Work instructions:
Reproduce, word for word, the lines in the material below starting with the one that has "Carpet texture, seamless" and going on through the one that has "แนะนำ 5 ขนมที่ทำจากข้าว". Leave out all pictures.

(Provided data)

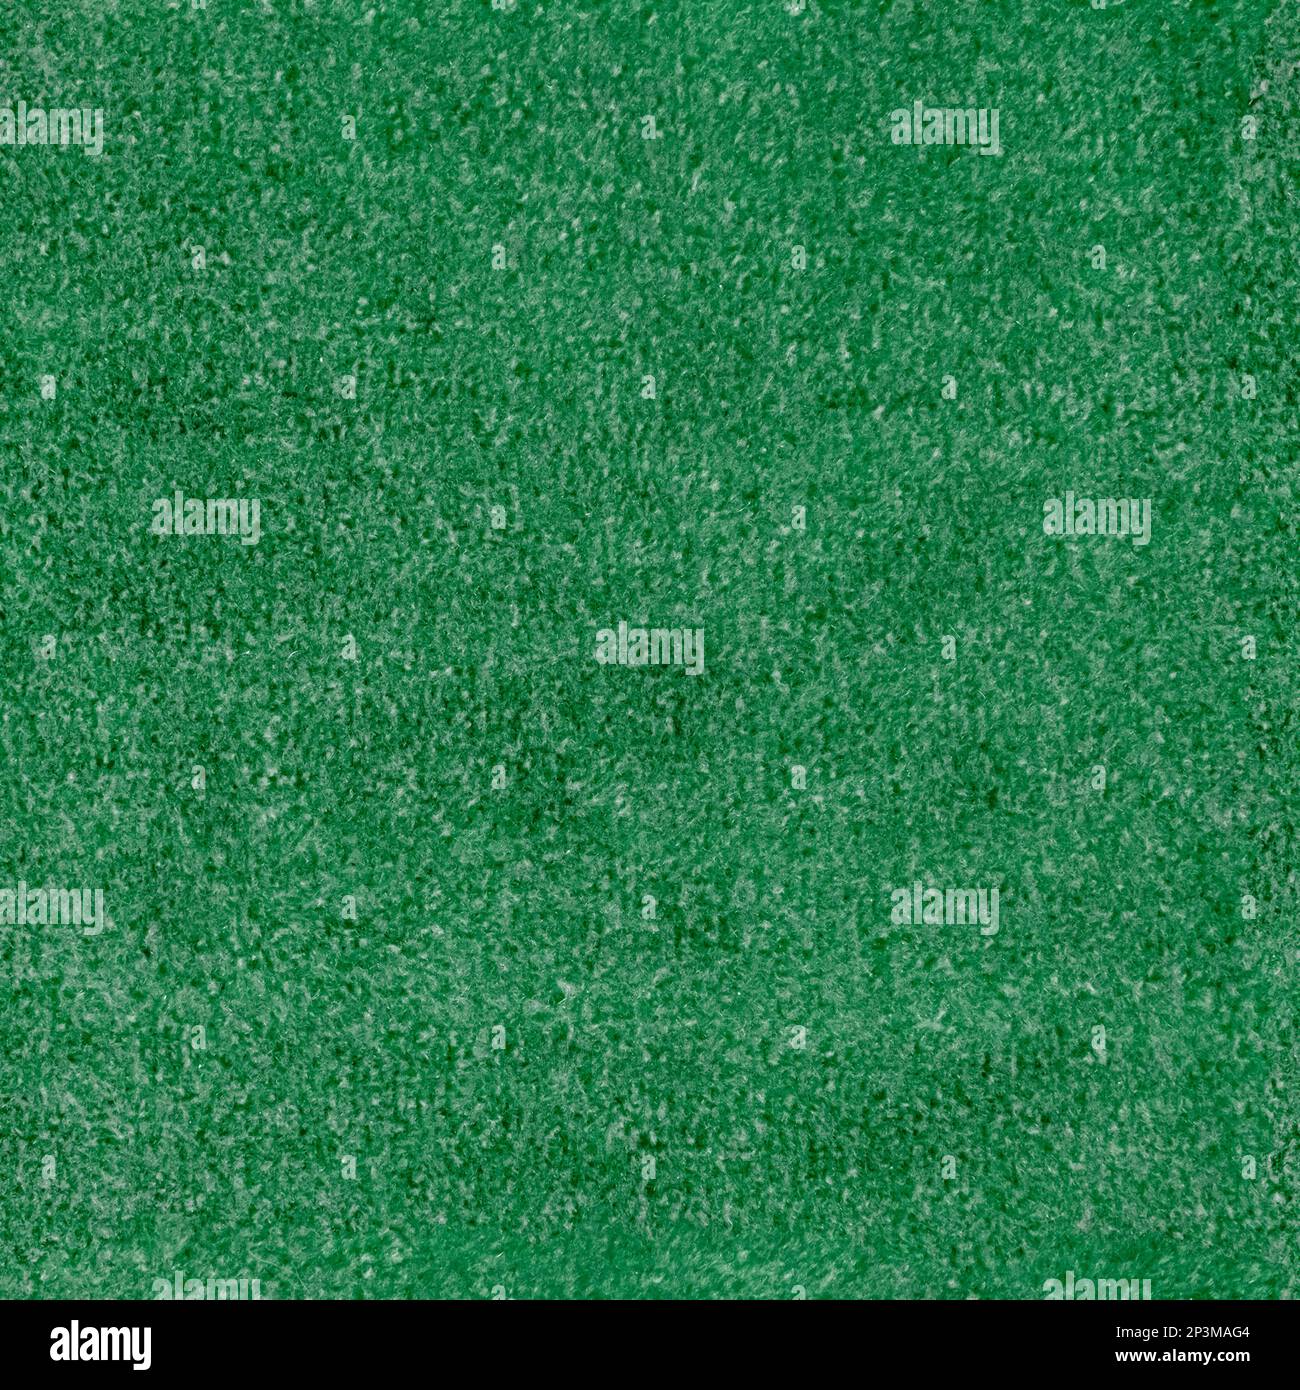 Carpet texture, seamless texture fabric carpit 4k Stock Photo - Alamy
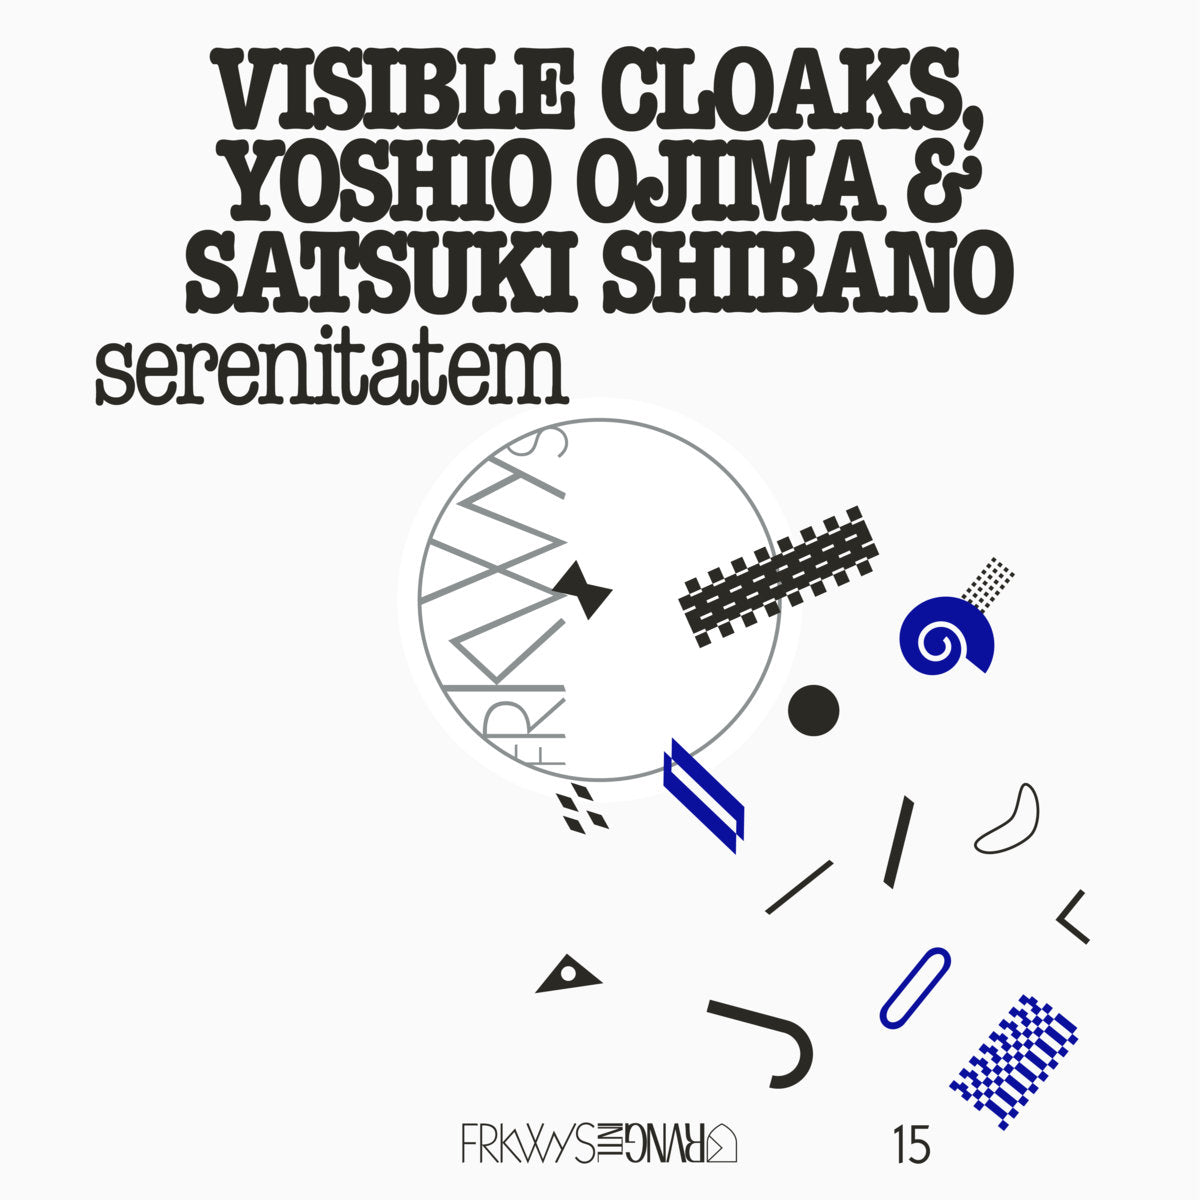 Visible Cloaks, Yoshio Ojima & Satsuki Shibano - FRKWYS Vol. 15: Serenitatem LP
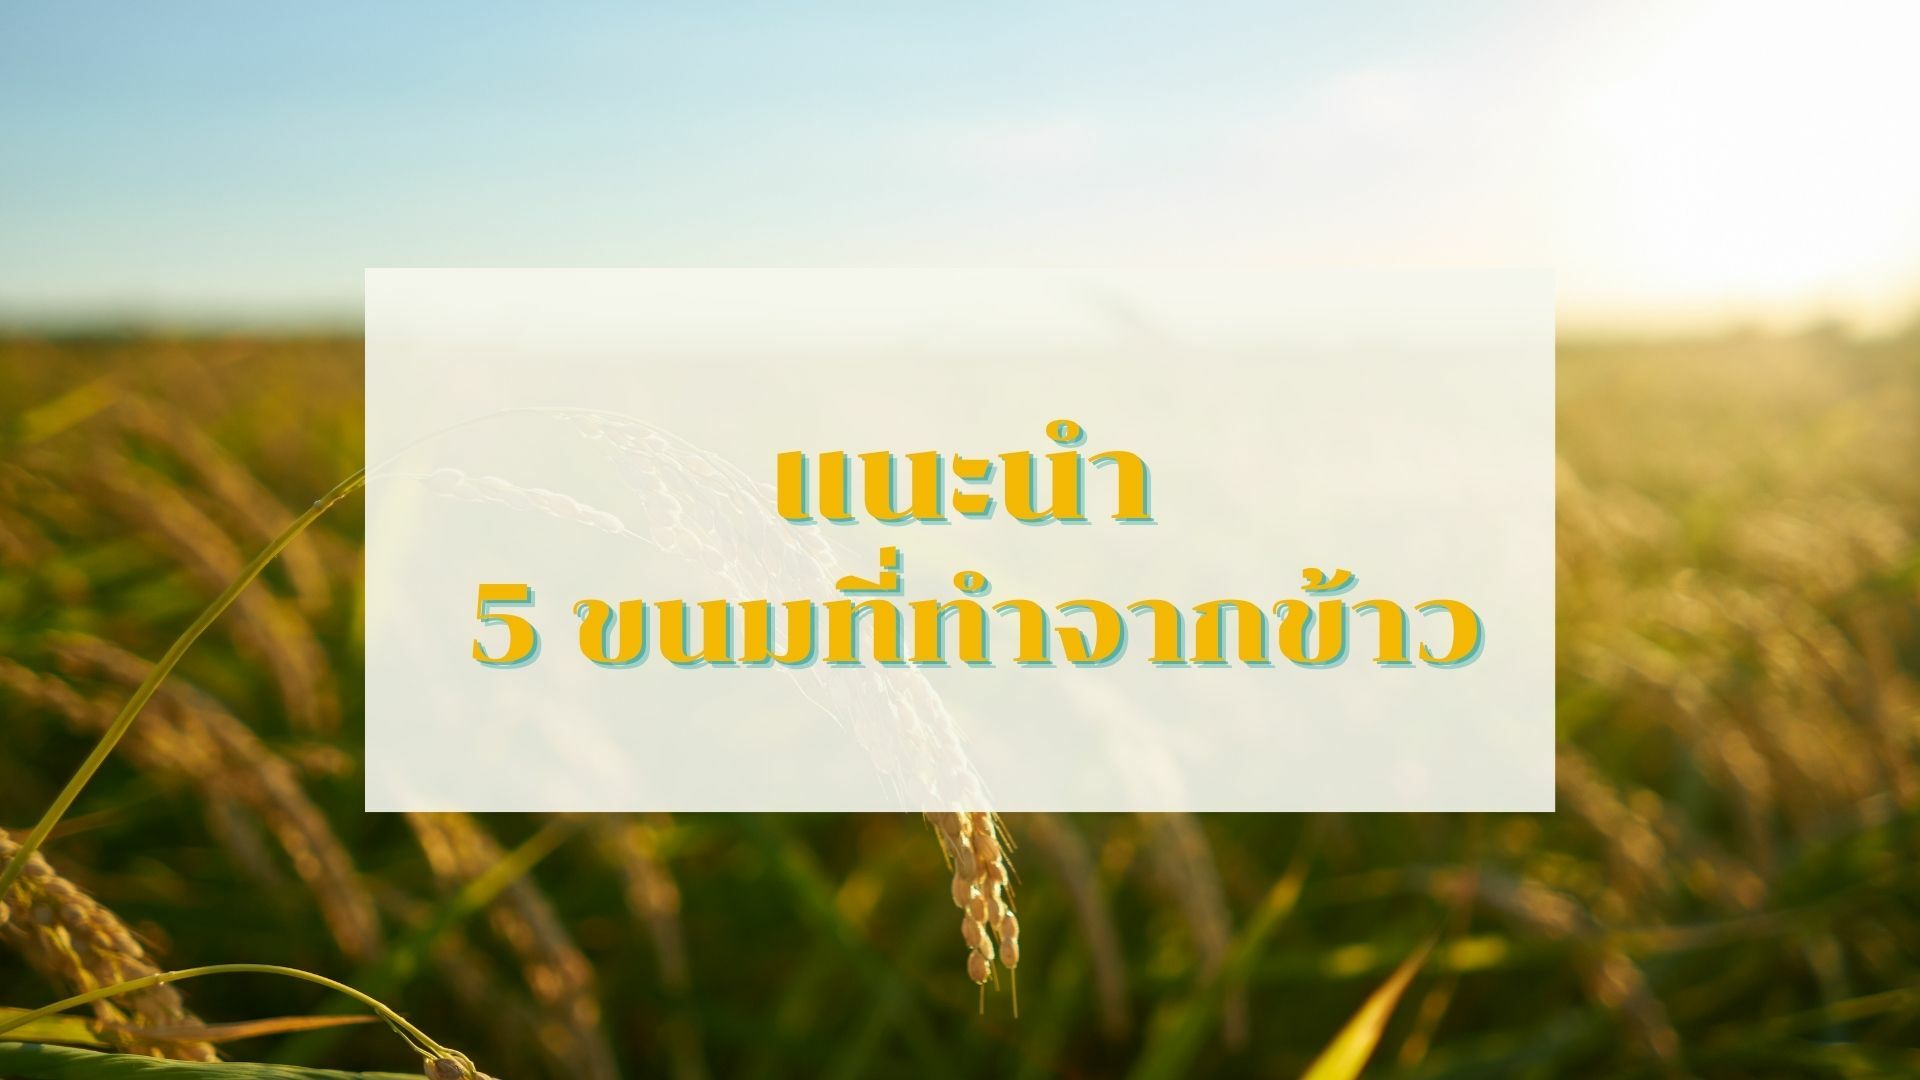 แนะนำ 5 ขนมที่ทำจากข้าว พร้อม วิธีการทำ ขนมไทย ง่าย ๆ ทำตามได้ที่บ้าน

(End Provided data)
(Provided data)

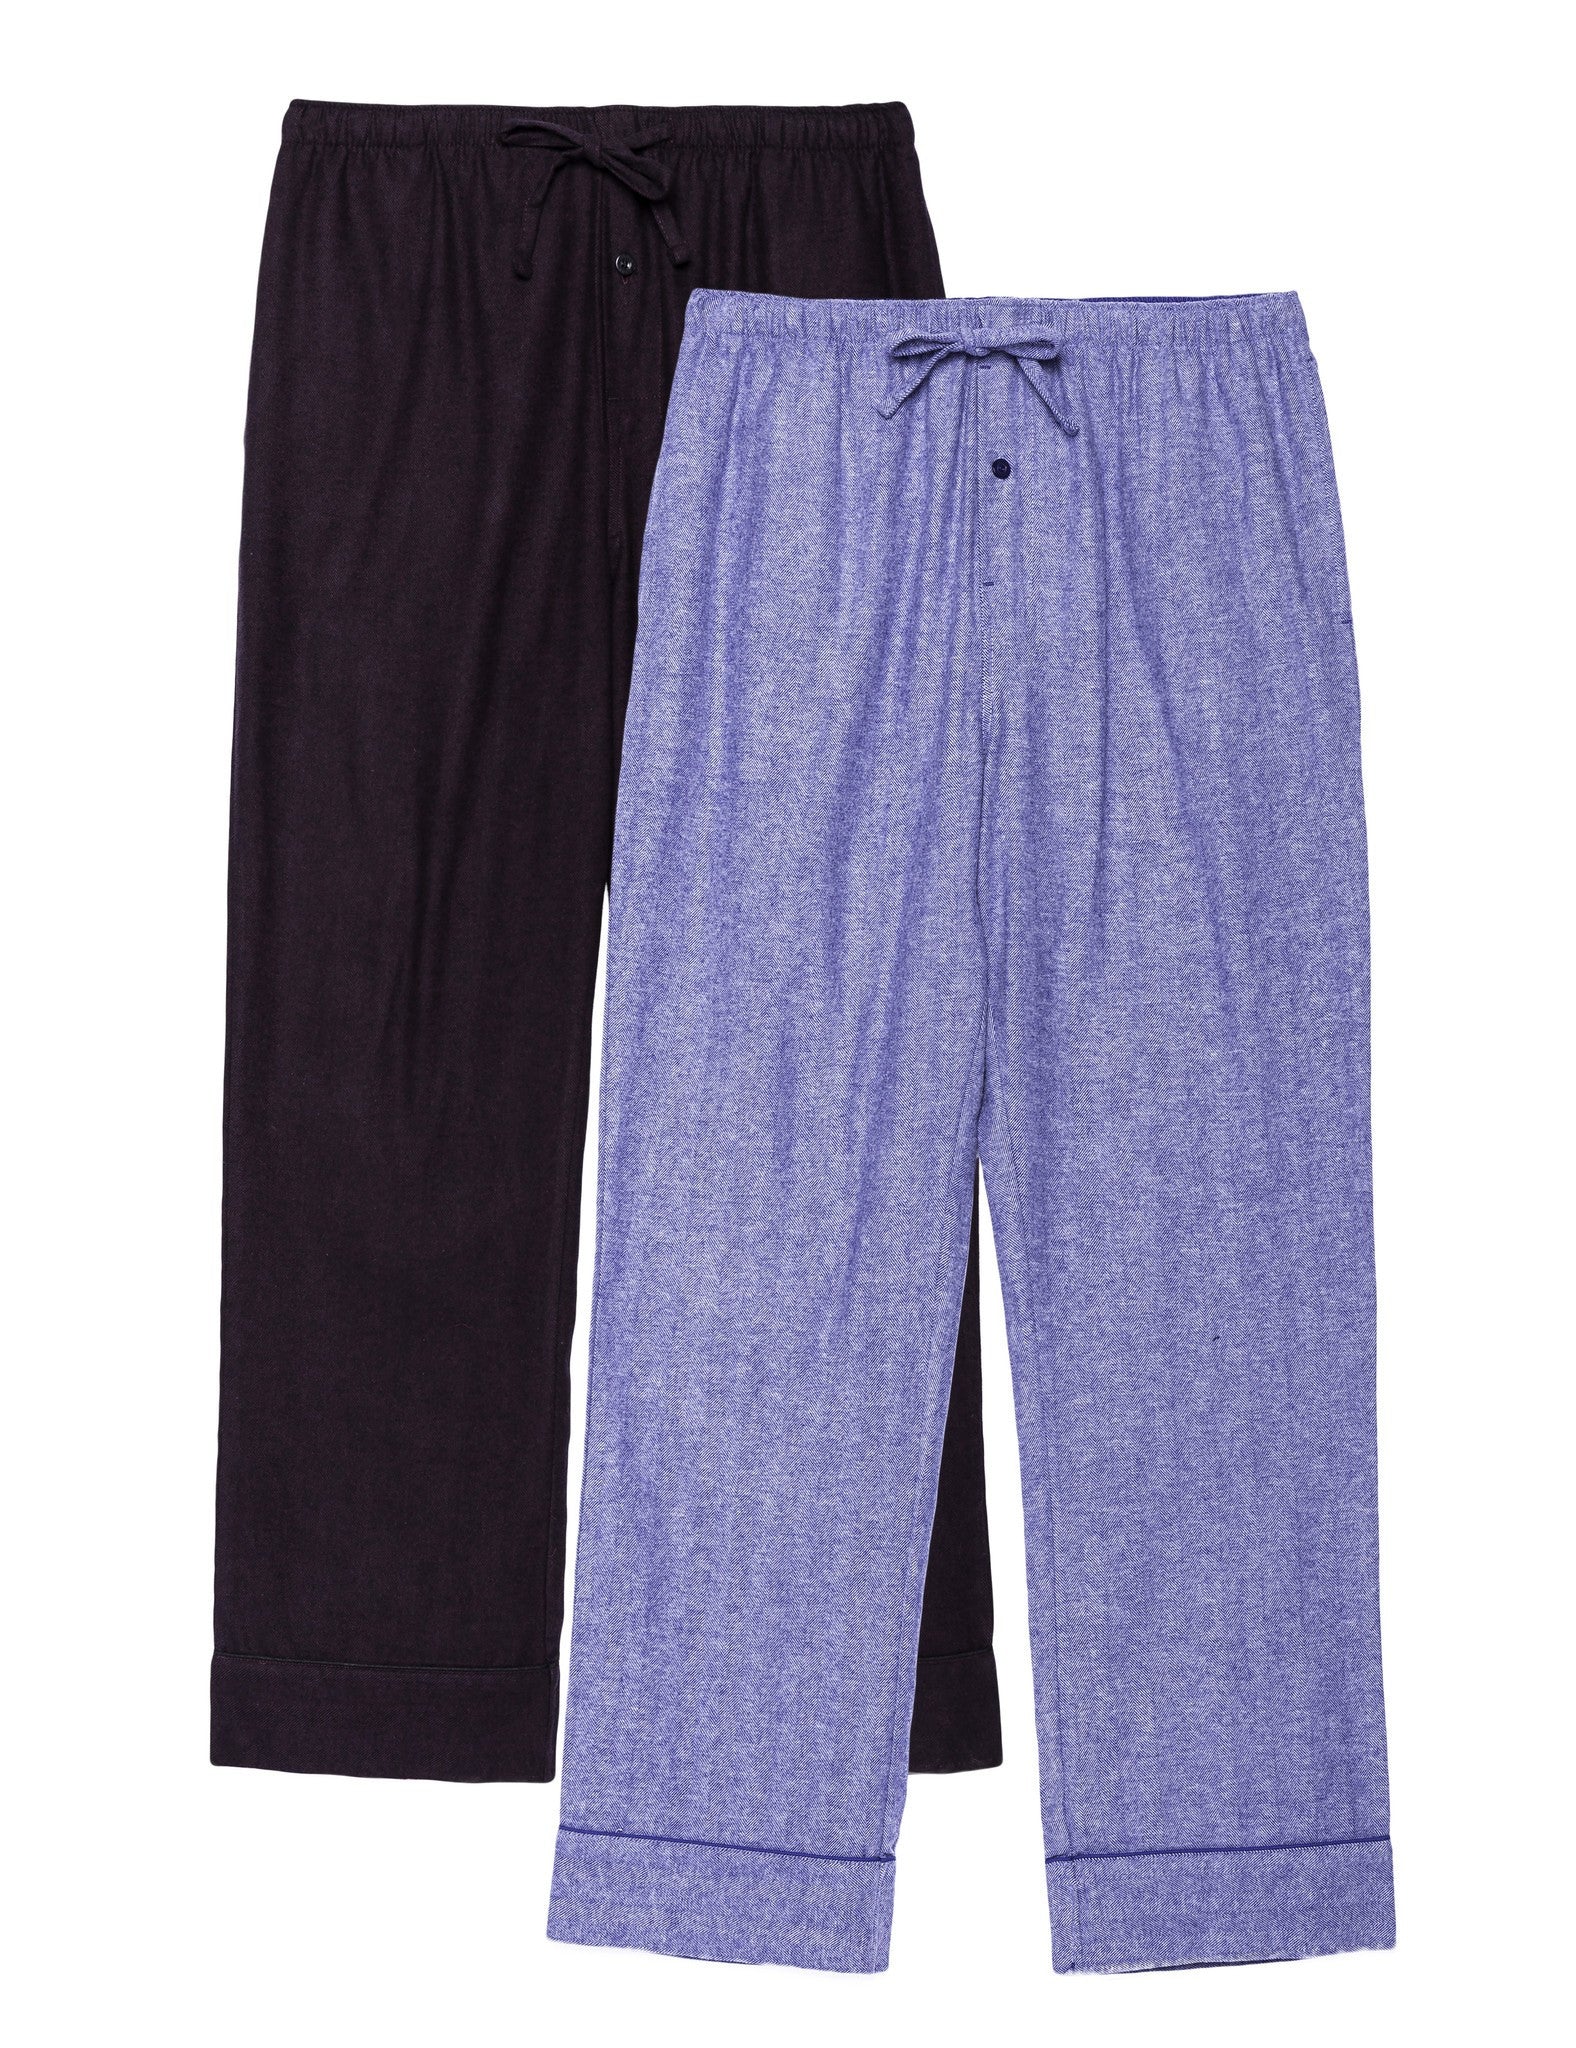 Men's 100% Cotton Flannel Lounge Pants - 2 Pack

(End Provided data)

Output:
 Carpet texture, seamless texture fabric carpit 4k Stock Photo - Alamy
 Visible Cloaks, Yoshio Ojima & Satsuki Shibano - FRKWYS Vol. 15: Serenitatem LP
 แนะนำ 5 ขนมที่ทำจากข้าว พร้อม วิธีการทำ ขนมไทย ง่าย ๆ ทำตามได้ที่บ้าน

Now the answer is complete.